··· DATASET EXCERPT

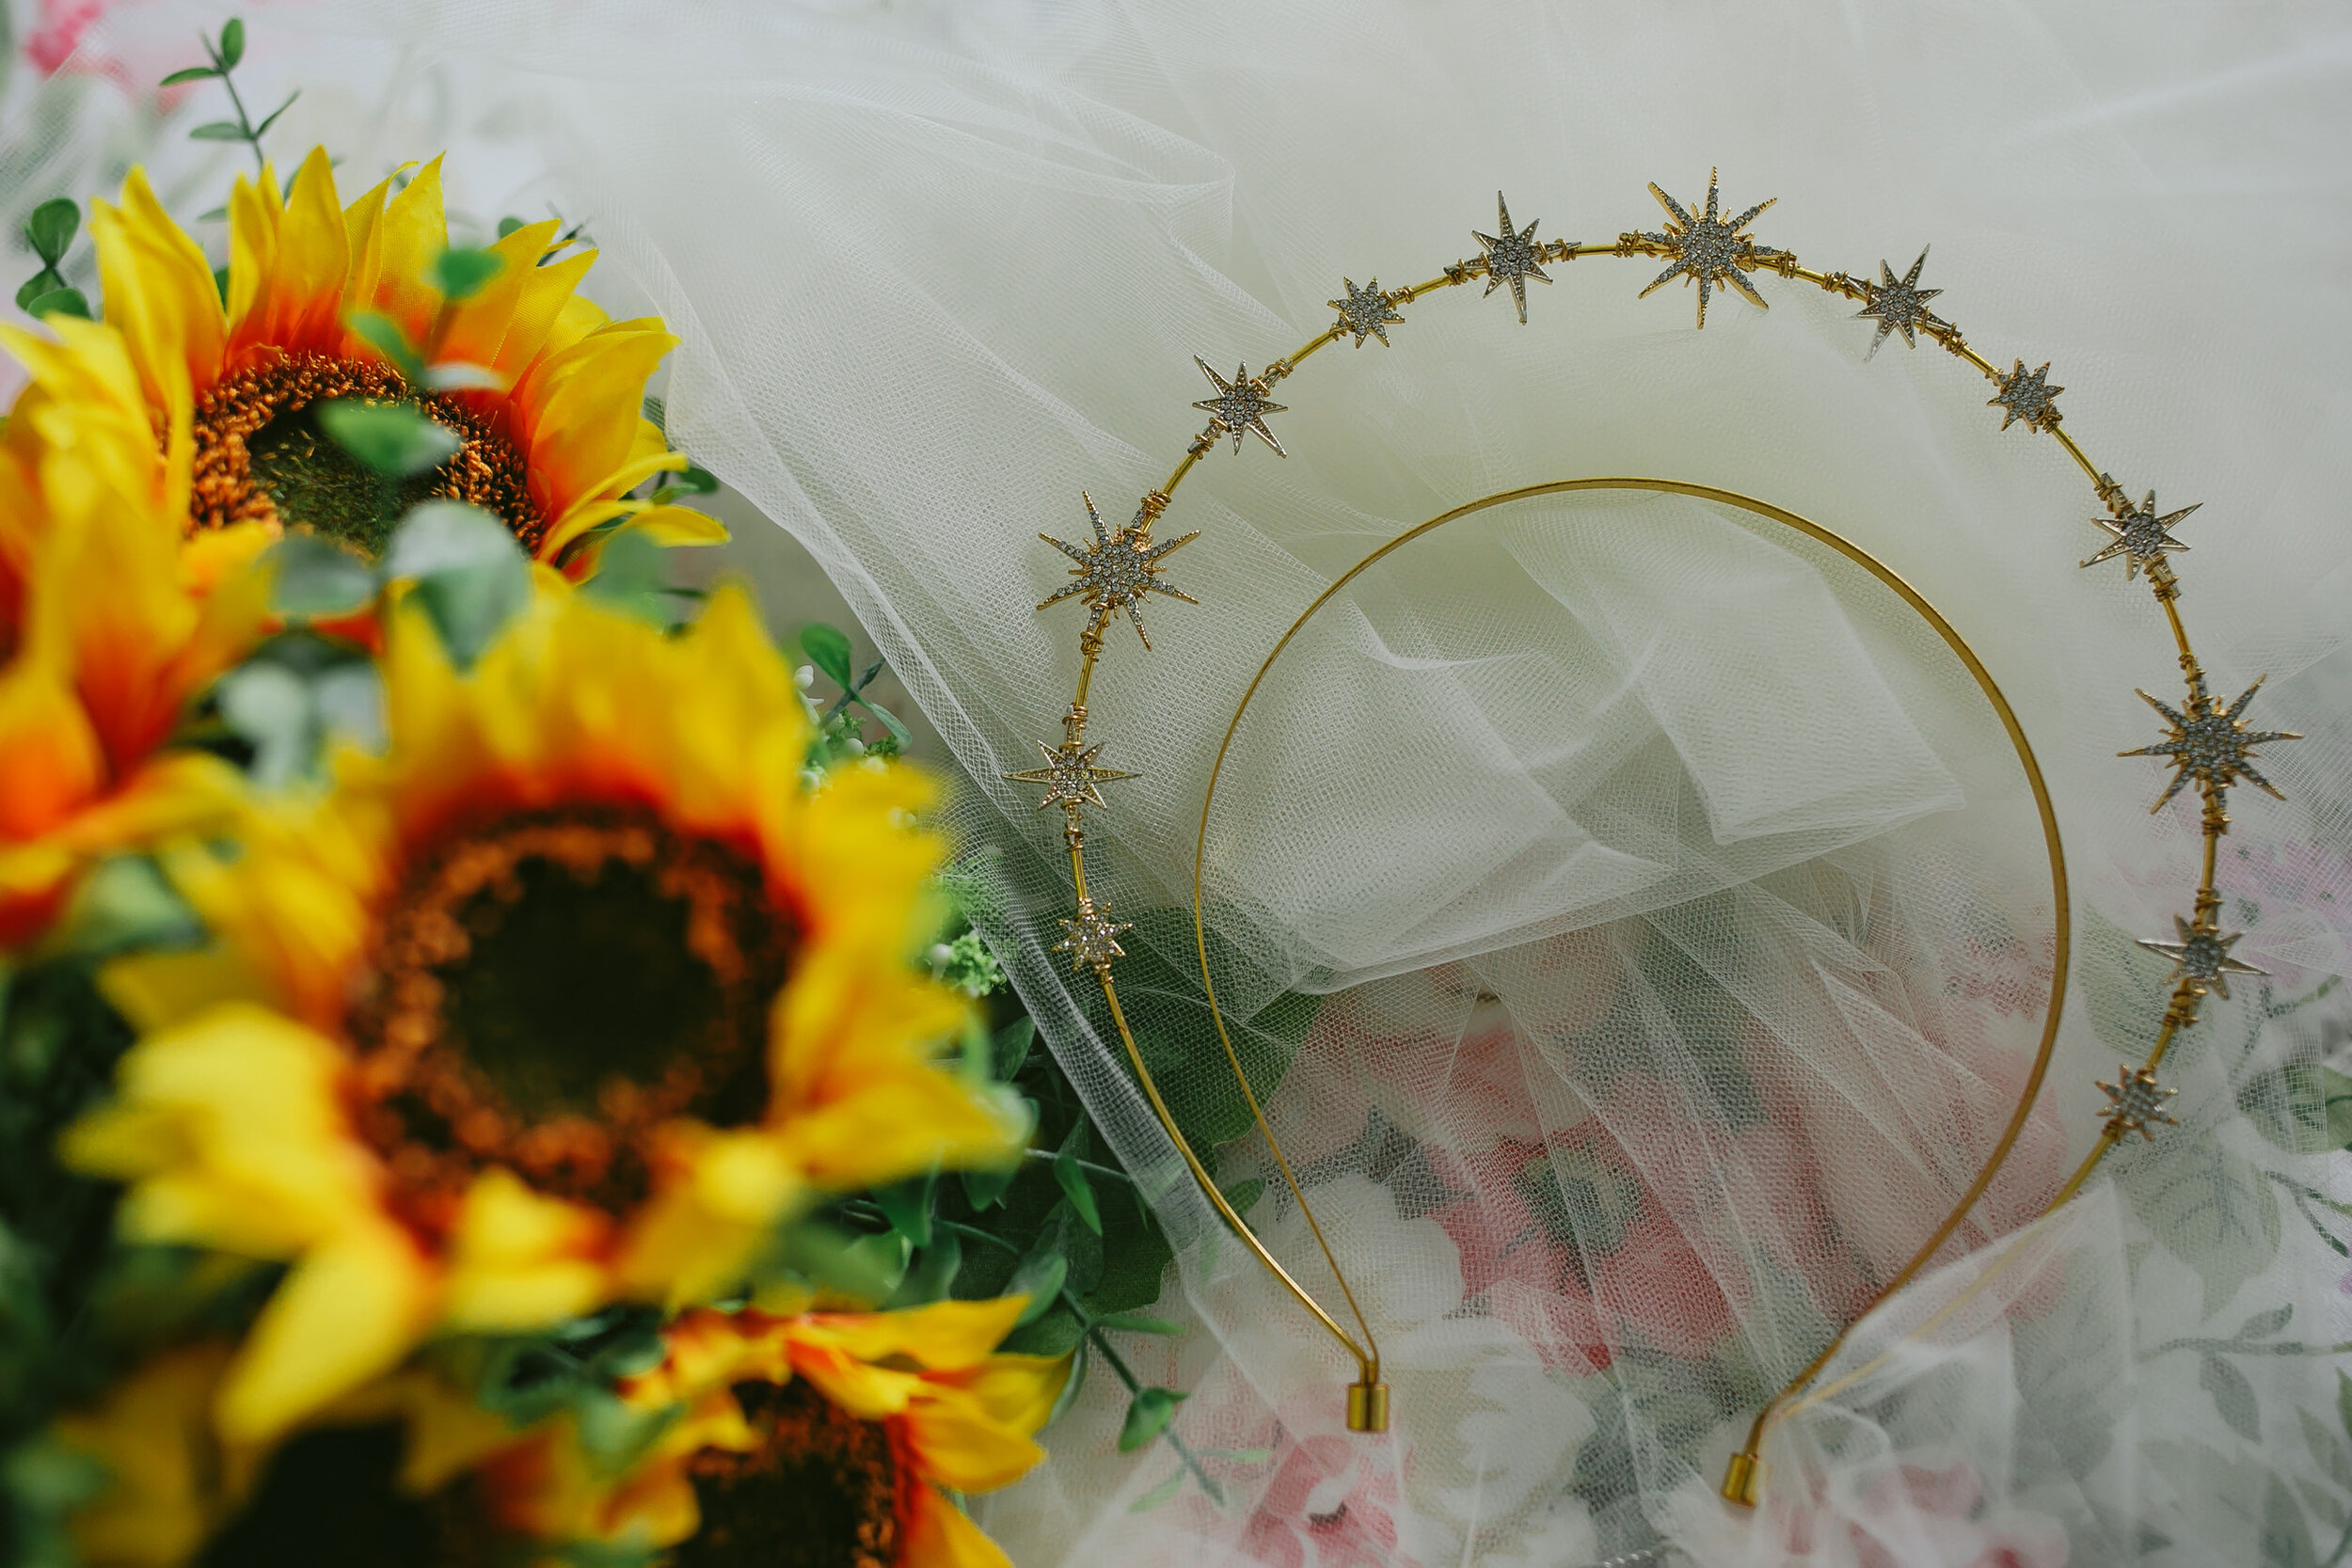 Sunflower-Bouquet-Gold-Star-Crown-Wedding-Day-Details-Homestead-Florida
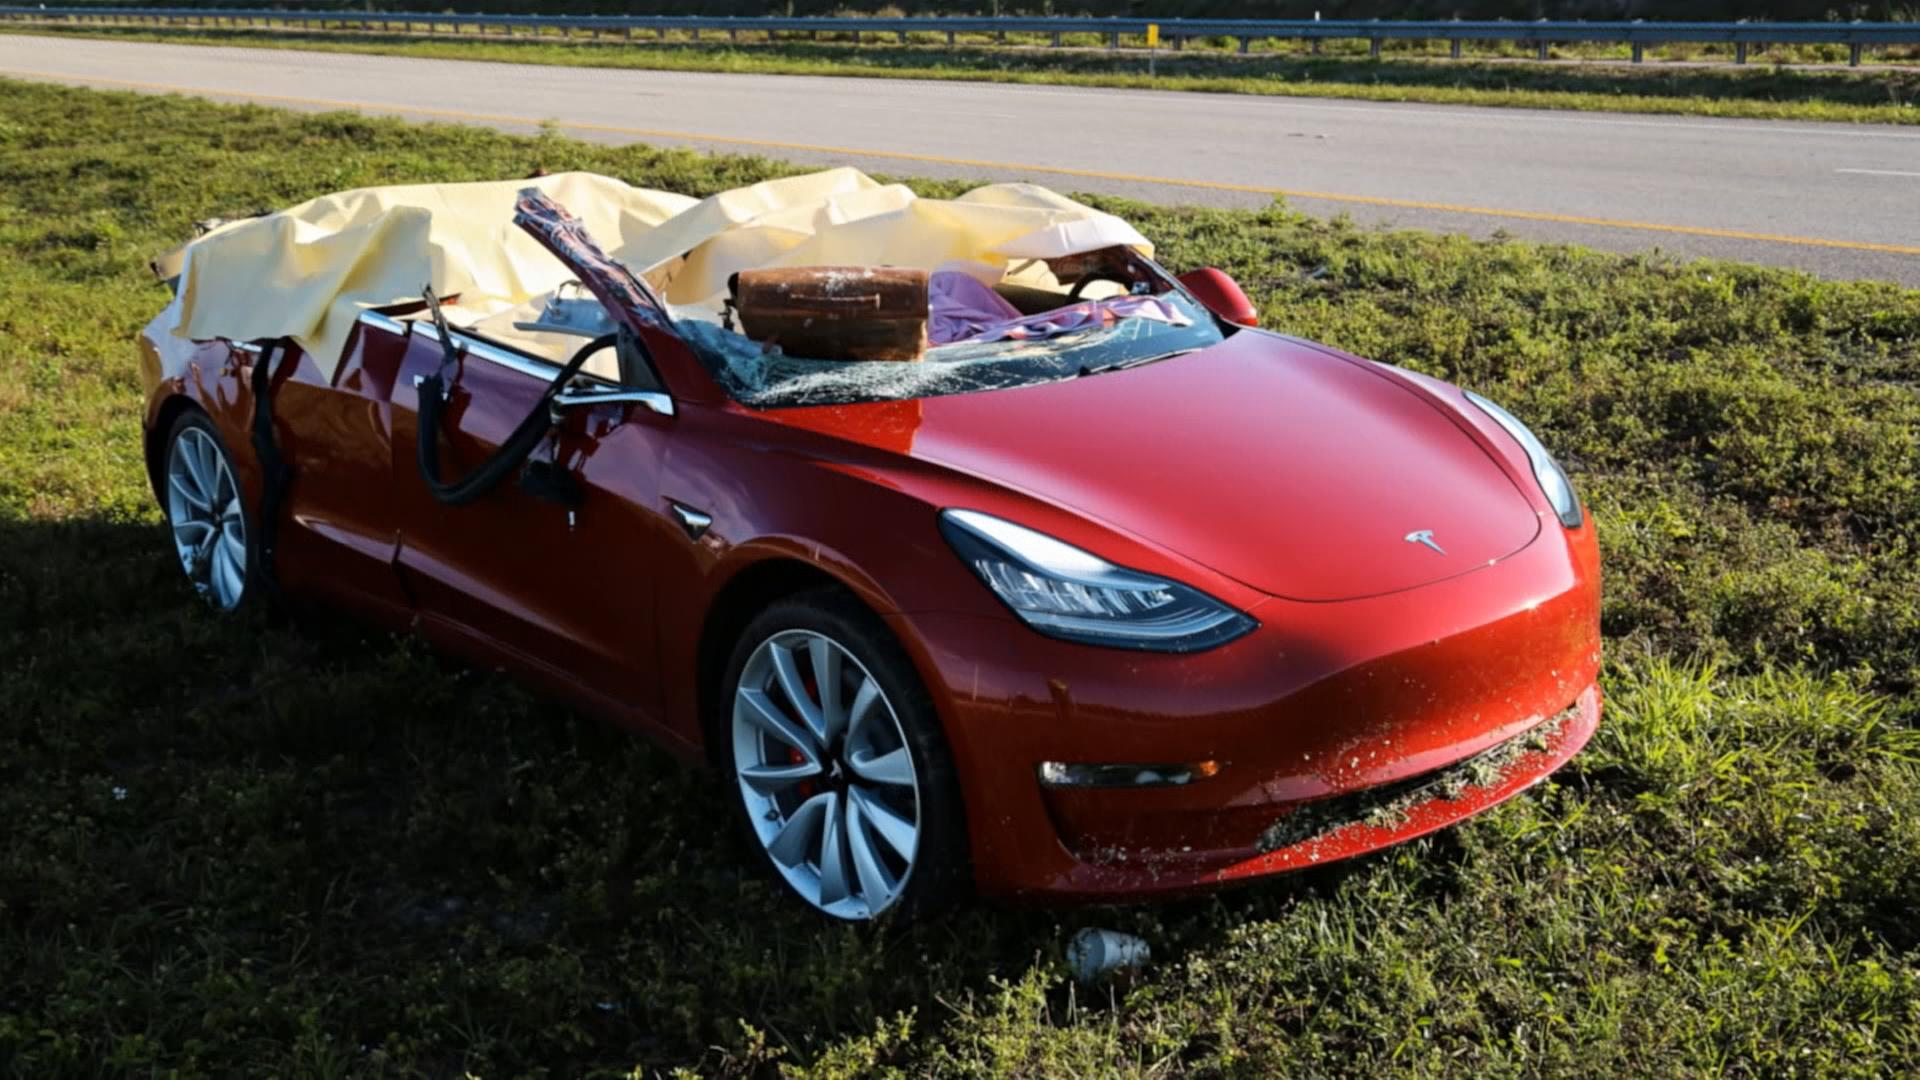 Zerstörtes Tesla-Fahrzeug nach Unfall auf Landstraße, Wagendach nicht mehr vorhanden
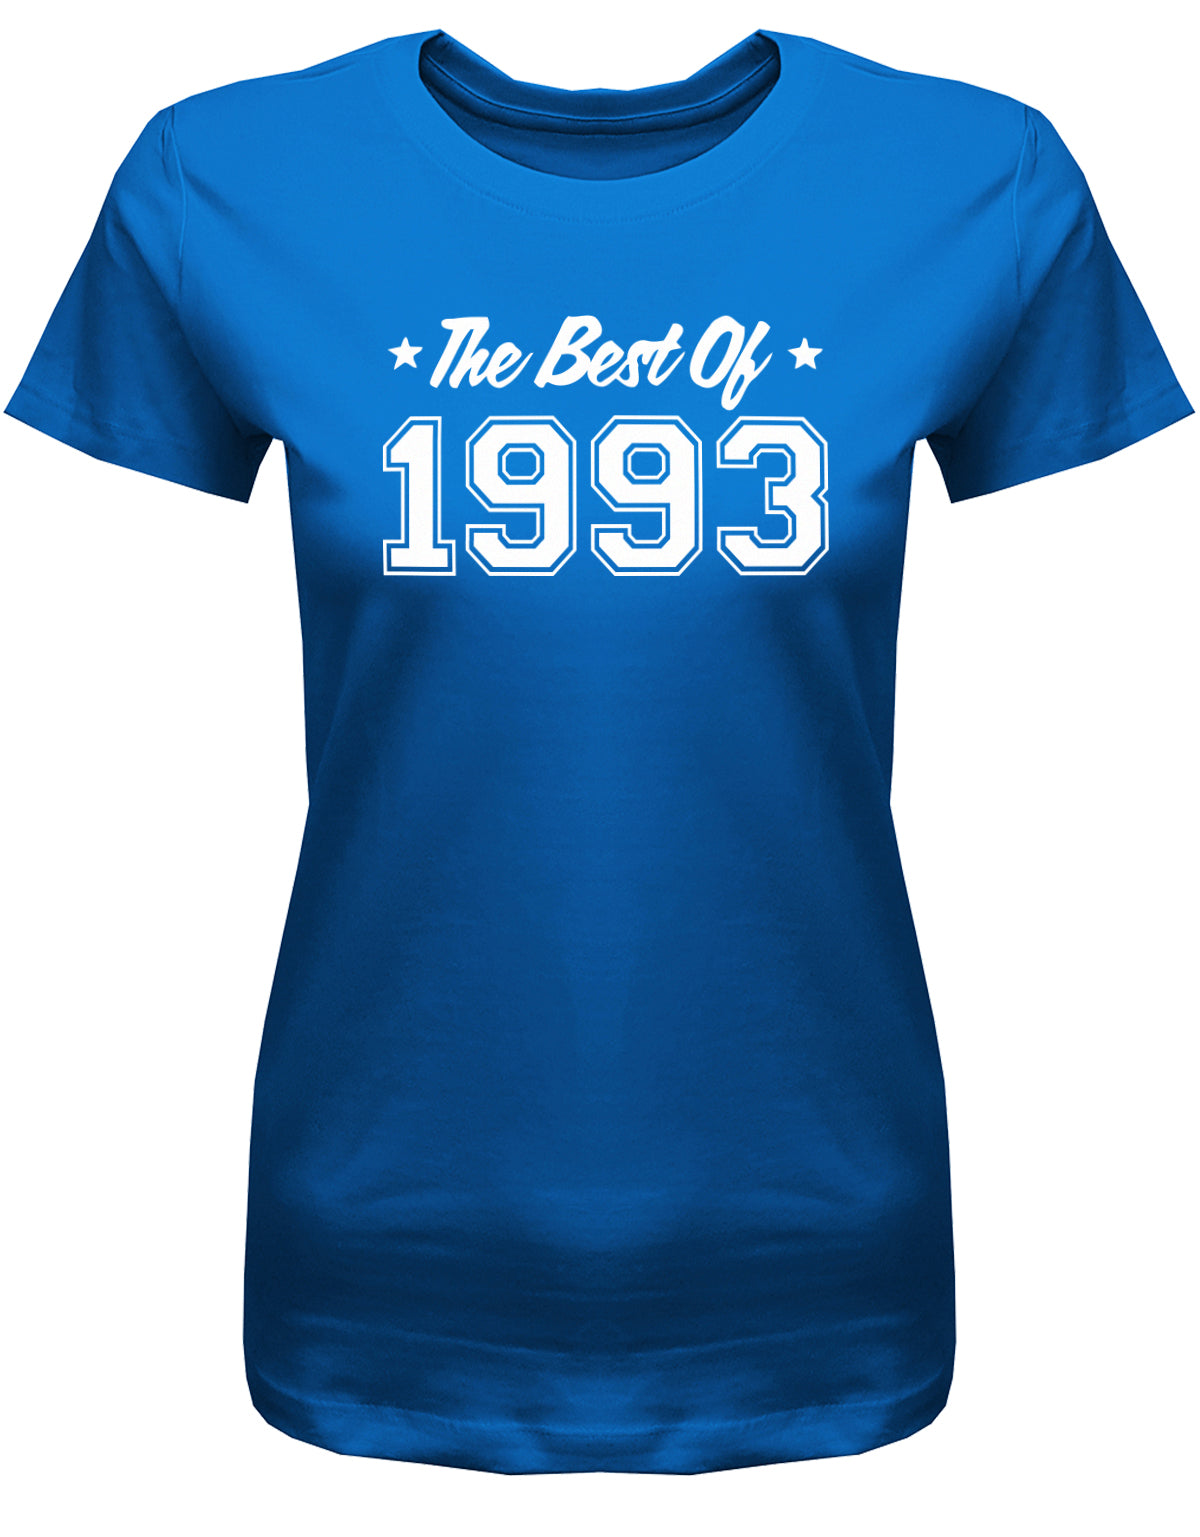 Lustiges T-Shirt zum 30. Geburtstag für die Frau Bedruckt mit: The best of 1993 ✓ Geschenk zum 30 geburtstag Frau ✓ 1993 geburtstag Frau ✓ 30 Geburtstag tshirt ✓ shirt geburtstag 30 Royalblau
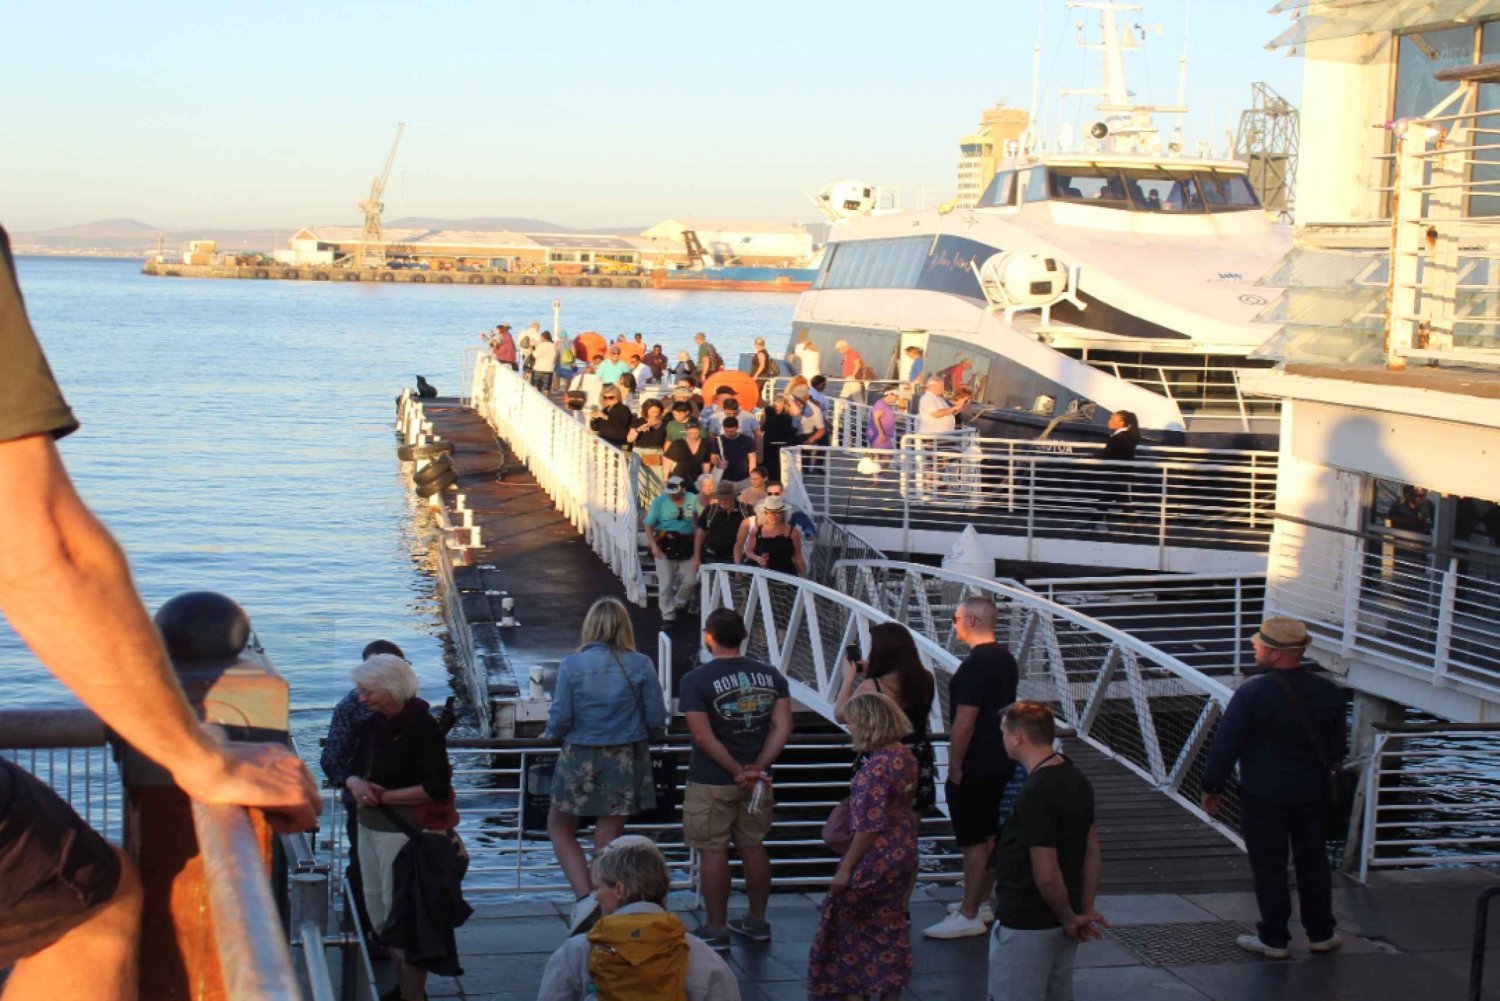 Ciudad del Cabo: Museo de la Isla Robben y ticket de entrada al ferry

······

EXERCISE INSTRUCTIONS: Write out the line that contains "Lustiges T-Shirt zum" and every line after it to the end of the data, exactly as they stand. Omit the pictures.

YOUR RESPONSE:
 Lustiges T-Shirt zum 30. Geburtstag für die Frau Bedruckt mit: The best of 1993 ✓ Geschenk zum 30 geburtstag Frau ✓ 1993 geburtstag Frau ✓ 30 Geburtstag tshirt ✓ shirt geburtstag 30 Royalblau
 Ciudad del Cabo: Museo de la Isla Robben y ticket de entrada al ferry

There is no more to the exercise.